I used to dread this run back in high school when our P.E teachers put us through fitness tests every few months or so. I was never athletic or particularly sporty growing up and have never felt that I was ever a good runner. I thought my legs were just too short and weak to be any good for running.
There were times I’d get on a bit of ‘fit stint’ and drag myself for a jog around the park, willing myself to keep jogging the whole way. But it never quite happened and I always quit before I could see any progression.
Cut to today.
I still don’t do a lot of cardio in my workouts, but sometimes I do feel like a jog on the treadmill to give my legs and lungs a good run.
Today, I decided to start my workout with a jog and deliberately jogged 1.6km to see how long I could do it in. Back in my high school days, I wouldn’t even attempt to jog the whole way so I would end up walking most of it. If recall correctly, I used to do it in around 15 or 16 minutes (I think that’s really slow).
Today, I jogged 1.6km in 10 minutes and 40 seconds.
And I thought…that’s not bad!
After doing a bit of research about run times, it seems that 10 minutes is the average run time for females in my age group.
YIPPEE! I’m average!
Considering I don’t consciously do any cardio training, it was actually a really nice indication that my body is stronger, fitter and my lung capacity has clearly gotten better. Not only that, my mindset about exercising and fitness has shifted significantly over the years.
So how do you run a mile when you’re not a runner?
If you’re starting from a place of not exercising much at all, I’d suggest starting off nice and slow. That might mean going for a 10 minute walk. Then you may want to pick up the pace and increase the intensity to an interval jog ie. 1 minute of a slow jog, 1 minute walk. And you can eventually work up to 1 minute sprint, 1 minute walk. This is a great way to increase your stamina and endurance.

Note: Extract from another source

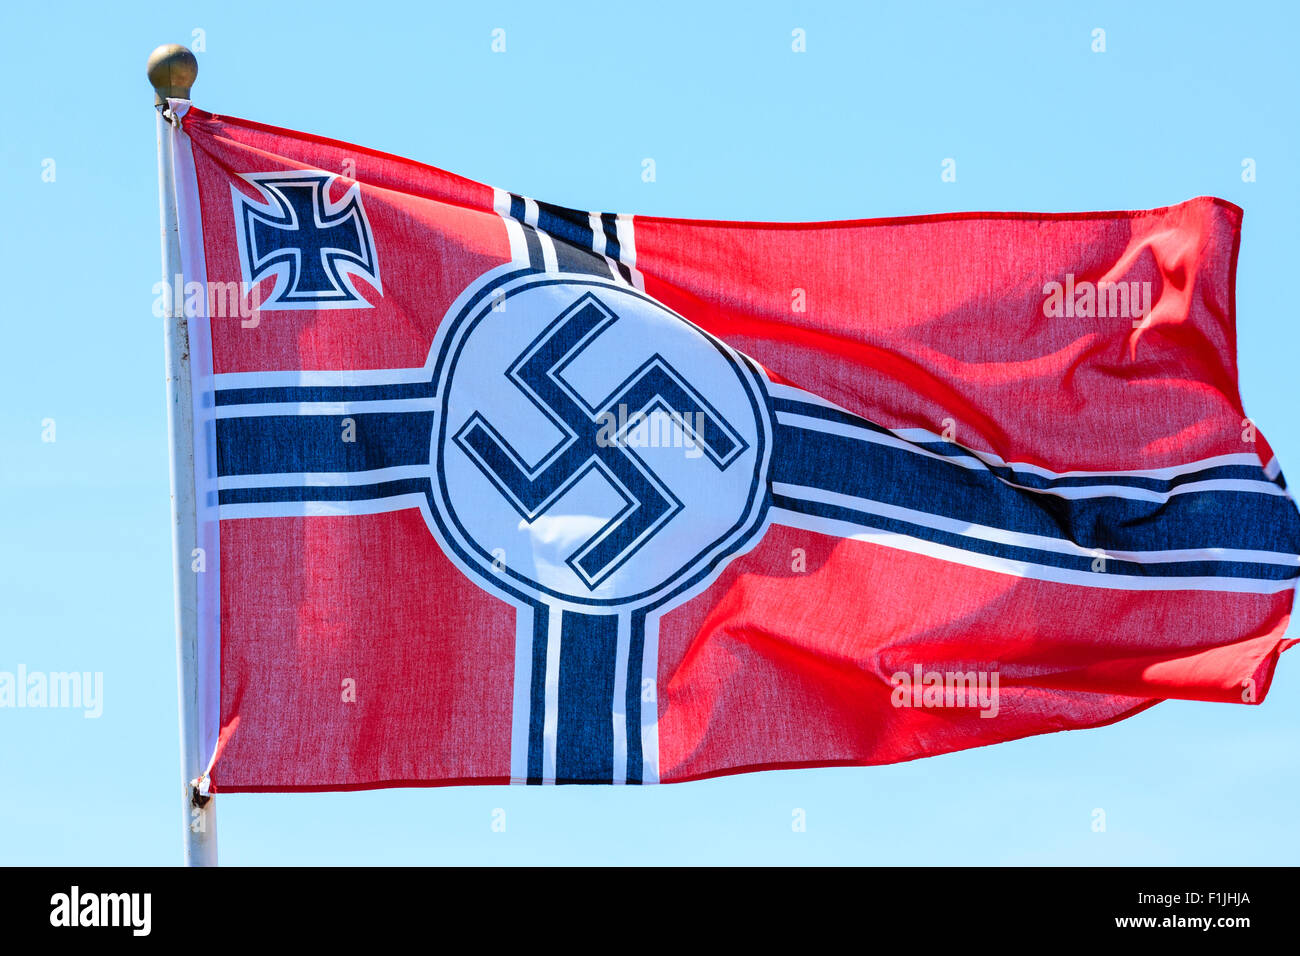 Seconda guerra mondiale esercito tedesco bandiera che fluttua nel vento con cielo blu chiaro dello sfondo. Croce tedesca con la svastica nazista in centro e angolo croce di ferro. Foto Stock

Though not a cardio-focused workout, weight training will assist in building lean muscle. I’ve found this has helped significantly in the strength through my legs when running – to the point where it feels quite effortless to run. This was never the case when I was more sedentary. Focus on strengthening those big muscle groups like your glutes, hamstrings and quads, as well as a strong focus on core strength and stabilisation (pilates is great for this!). I’m a big fan of weight training. I do about 5 sessions a week focusing on a different muscle group each workout.
Change your mindset.
One of the biggest hurdles in my way of actually enjoying the occasional jog or run has been my perspective on running. I had always focused on the difficulty I used to feel both breathing and also muscle pain in my legs. I imagined myself struggling through the jog and running out of breath. No wonder I had never liked the experience of running!
I began to shift my perspective by focusing on the benefits of doing this type of exercise, like increased cardiovascular health and long lean limbs. I also began to imagine myself running with ease, feeling light as a feather and breathing with a constant and rhythmic breath pattern. OH how this made a HUGE difference.
This is my experience of jogging now.
Don’t get me wrong, I have moments where it feels tough, but as soon as I feel it come on I quickly shift my focus on the more positive feelings of lightness and leanness.
Back when I was a teen, I never would have imagined I would be the healthy and fit person I am today. It just goes to show you that no matter where you’re at in your journey, you CAN make progress. Challenge yourself to be a healthier, fitter and better version of yourself, if for no other reason than feeling awesome!